# mites on mantids face



## beckyl92 (Sep 12, 2009)

someone i know recently bought an adult female mantis. he recieved it with mites on its face..

he told me he can't deal with mites and he doesn't know what to do so i said id take her off his hands.

the guy he got it from is ignoreing his PMs.

heres a picture of her face:







does anyone know how to get rid of them without hurting her?

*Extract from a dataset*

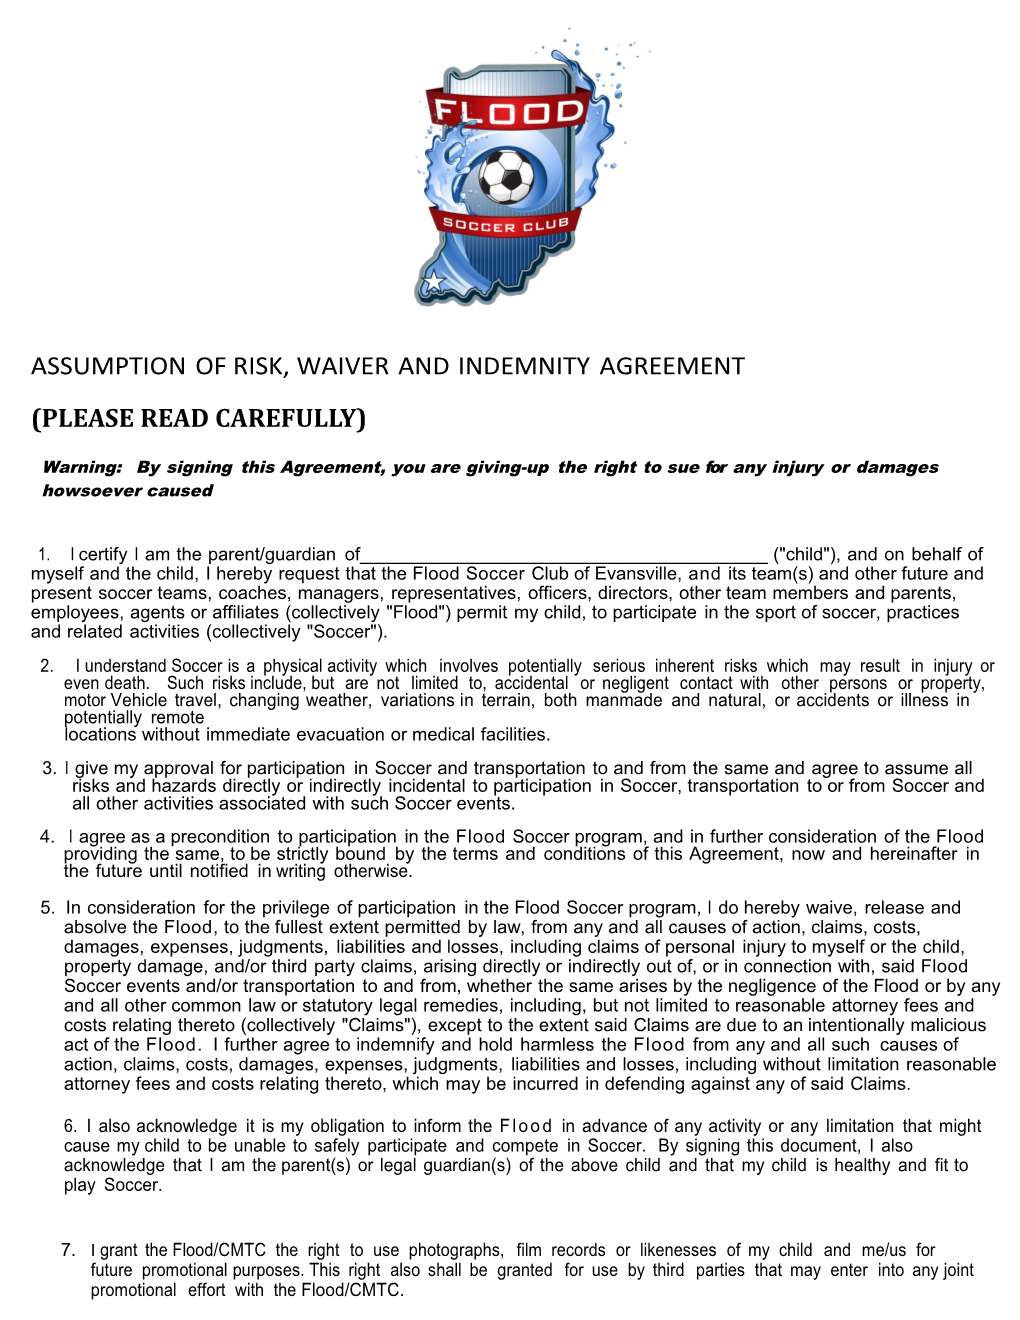 Assumption of Risk, Waiver and Indemnity Agreement (Please Read Carefully)

also, are they eating her face?


----------



## Matticus (Sep 12, 2009)

I would try feeding her and then gently brushing the mites off with a Qtip or cotton swab. Many mites are parasitic, and they may be sucking some of her blood, but they are not eating her face, persay.


----------



## ABbuggin (Sep 12, 2009)

Try using a wet Q-tip (cotton swab) to rub them off. You will have to hold her steady, because she won't allow you to rub her face.


----------



## Rick (Sep 12, 2009)

I've seen them on wild beetles before but never a mantis.


----------



## massaman (Sep 12, 2009)

maybe she willl eventually rub them off when she cleans herself


----------



## Katnapper (Sep 13, 2009)

I'd rinse her face off in the sink under warm running water, then use the Q-tip to remove any cling ons. Yes, I know this is easier said than done, lol.  Have fun!


----------



## beckyl92 (Sep 13, 2009)

so will they just come off with water?

ive heard mites don't do too well in wet conditions.


----------



## kamakiri (Sep 13, 2009)

I would try a dry q-tip first, then vegetable oil (very, very little) on a q-tip next. Water doesn't bother most mites, except in force for mechanical removal (blasting them off). In the spot that they are, the mantis likely can't remove them, due to location of the forearm brush or recess of the eye to facial area being a crevasse that it can't reach/sweep.

I'd also get rid of them quickly and in quarantine lest you get them on all your mantids.


----------



## kamakiri (Sep 13, 2009)

Katnapper said:


> ... use the Q-tip to remove any cling ons. Yes, I know this is easier said than done, lol.  Have fun!


How do I resist making Klingon jokes?  :lol: :lol:


----------



## beckyl92 (Sep 13, 2009)

eeek.

they could get on my other mantids?  

ill keep her away from them.


----------



## Emile.Wilson (Sep 13, 2009)

kamakiri said:


> How do I resist making Klingon jokes?  :lol: :lol:


Everyone! we have a trekkie on the forum


----------



## ismart (Sep 14, 2009)

You could dip her head in bleach real quick! Or burn them off with a lighter! :lol: Sorry i just could not help it. :lol: But in all seriousness i would just take a magniflying glass and some tweezers and try tp pic them off. Well of course if there is not a ridiculous amount on her.


----------



## Katnapper (Sep 14, 2009)

ismart said:


> You could dip her head in bleach real quick! Or burn them off with a lighter! :lol: Sorry i just could not help it. :lol: But in all seriousness i would just take a magniflying glass and some tweezers and try tp pic them off. Well of course if there is not a ridiculous amount on her.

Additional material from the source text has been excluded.